This has happened before in this same location. According to an account by Ahdaf Soueif in her new book, Cairo: My City, Our Revolution, protesters went to the Ministry of Defense weeks after the fall of Mubarak to protest SCAF. There they were met with rocks, bottles and clubs from angry residents and government-funded thugs. Soldiers looked on passively as Egyptian killed Egyptian, intervening only days later.

The story this week seems much the same, except for the first time the majority of the protesters are Islamists and the Islamist politicians (Brotherhoods, Salafis, etc) are for the first time condemning the violence and the state neglect, whereas they turned a blind eye to the same conduct for the past year when mainly secular Egyptians were dying in the streets.

The military intervened the day before yesterday, and within minutes the violence stopped--which begs the question why they didn't intervene earlier. (Perhaps they adopt the boys-will-be-boys approach to nation rearing.) There is a clear pattern to these extended violent episodes.
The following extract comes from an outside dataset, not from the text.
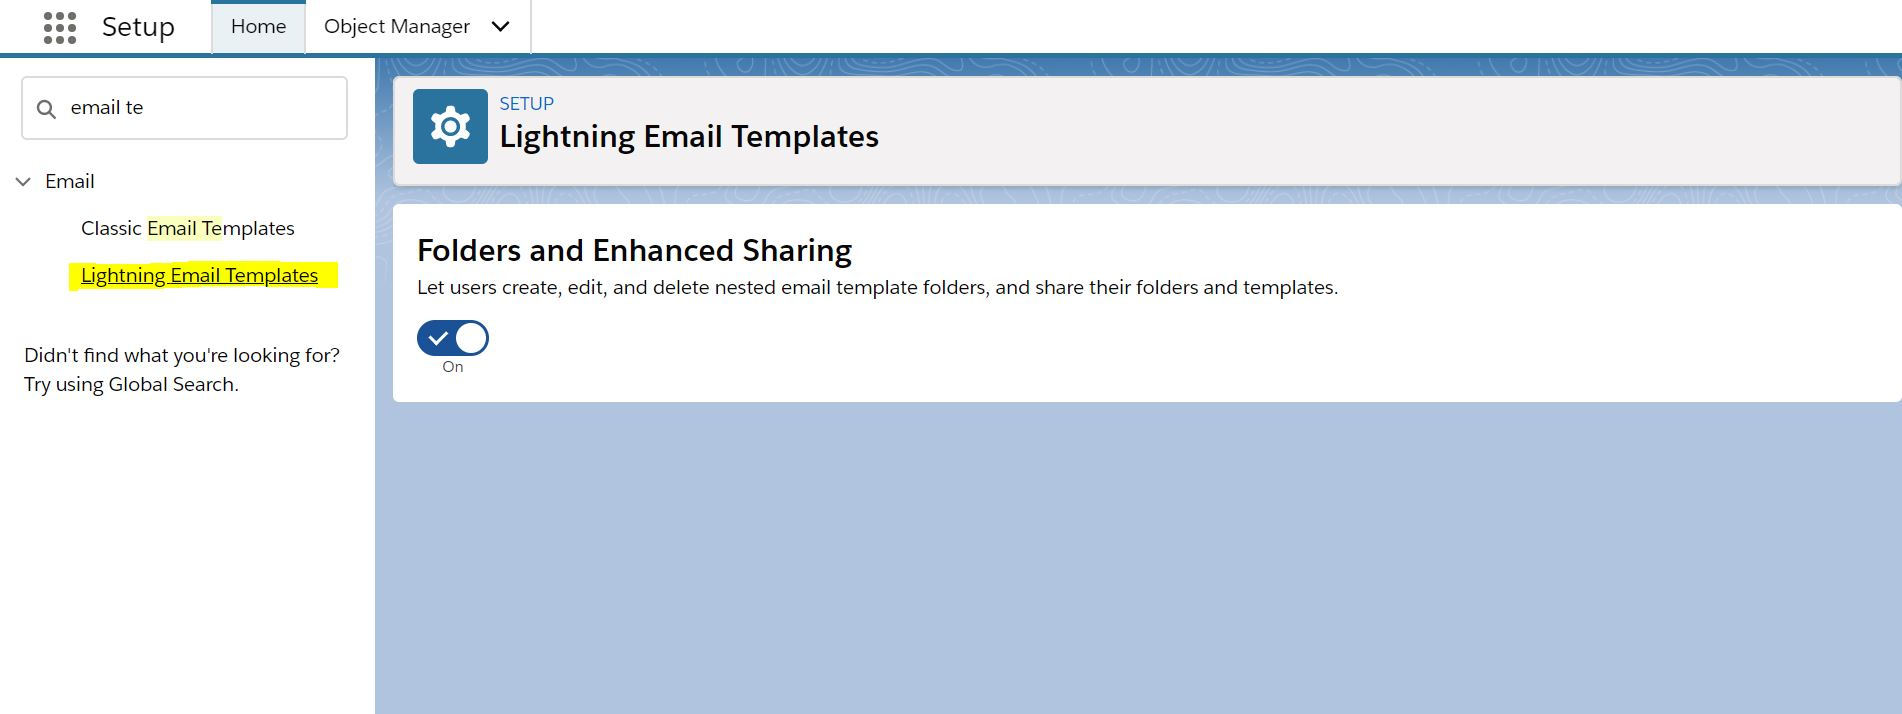 User With Manage Public Lightning Email Templates Can Not Create Email

A peaceful protest turns to an exchange of rocks and tear gas. The ante is upped by protesters with Molotov cocktails and by police with bird shot and eventually live ammunition. Infiltrators attack protesters with clubs and knives before protesters detain them (somehow, mercifully, without killing them). News of the violence spreads, disrupting traffic and local business, stealing from ordinary Egyptians any dwindling hope for stability, and often attracting apolitical sympathizers to the protesters' cause. After a few days, the military rolls in, arrests a few civilians for instigating violence, talks about the foreign hand, and warns anyone from attacking the army.

When these things happen, the next logical question is, what will happen on Friday? Since January 28, 2011, the first Friday of Rage that sparked the Egyptian revolution, Fridays have been the most common day for protest because the country has the day off and most people gather at mosques at midday. Often, the big issues of the week will hang around to be resolved by the size of the Friday turnout in Tahrir. After the army cleared a three-week sit-in in Tahrir last summer, Friday protests became irregular in occurrence and size. But they still play an important role in the mostly peaceful resistance to the military regime.
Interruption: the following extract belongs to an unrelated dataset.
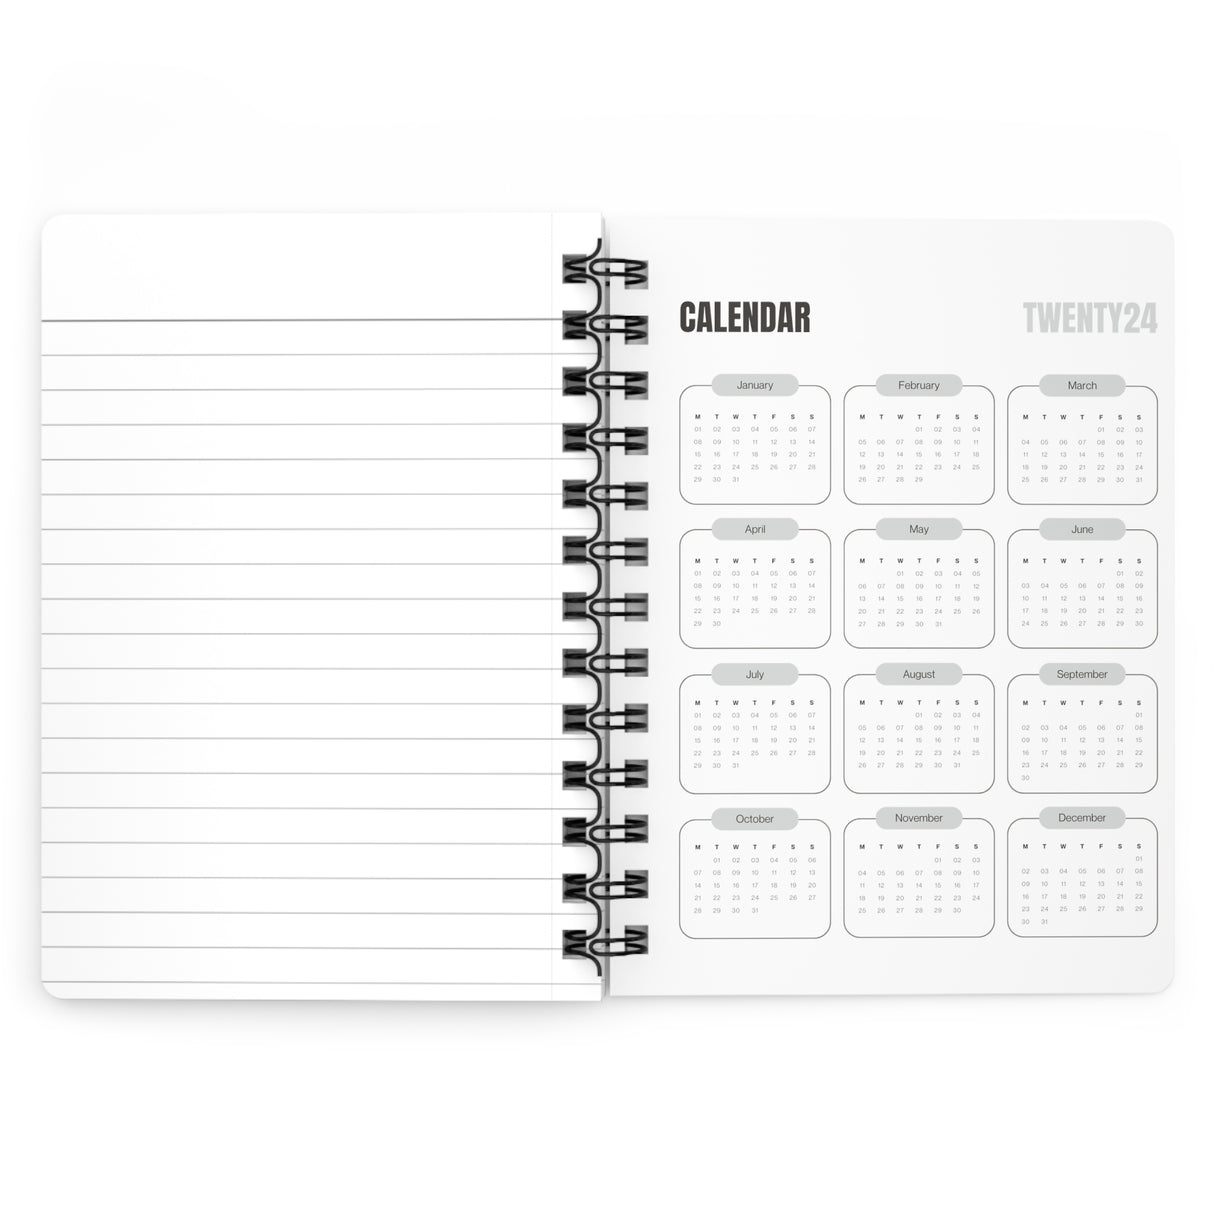 Flossy Pepper Spiral Bound Notebooks and Journals with 2023-2024 Year-at-a-Glance Calendar

What strikes me today is whether Egyptians are protesting of their own volition or whether they have been overtaken by the political momentum of their actions. SCAF announced yesterday their continued intention to transfer power to an elected president by July 1 (or the end of May even, if someone wins 50% of the vote in the first round) and warned anyone from approaching their headquarters in Abbasiya. Granted, protesters have no reason to trust SCAF given that they have amended decisions like this in the past and have just spent the week passively watching Egyptians kill each other.

Nonetheless, the talk on Twitter this morning indicates that protesters will gather (not clear yet whether in Tahrir, Abbasiya or somewhere else) to demand that SCAF stick to its July 1 timetable. The question thus begs to be answered, why protest in demand of something that has already been conceded, promised and re-promised? The only explanation I can reason is that an expectation has been set in these sorts of situations for massive popular turnout, and if that is not achieved, the opposition movement is weakened in the face of the regime.

Many Egyptians are rightfully upset by the week's events, worried that the past year and a half of violence and instability might come to naught, and doubtful of SCAF's true intentions; they are, of course, entitled to protest. But do they really want to, or are they being forced to by circumstances?

As I finish writing, the chants in Tahrir have begun: "Revolution! Revolution!" "Down, down with military rule!" "The people want the implementation of God's law!" From my balcony, they are interspersed with occasional car horns, the sound of early bird shopowners rolling down the metal doors of their storefronts, and the calls of the junk man: "Bikya! Bikya!" (From the Italian, vecchio, or old stuff!) The Friday routine begins...

Wednesday, April 25, 2012

Don't blink!

Don't blink, or you'll miss at least a dozen major changes to Egypt's presidential race!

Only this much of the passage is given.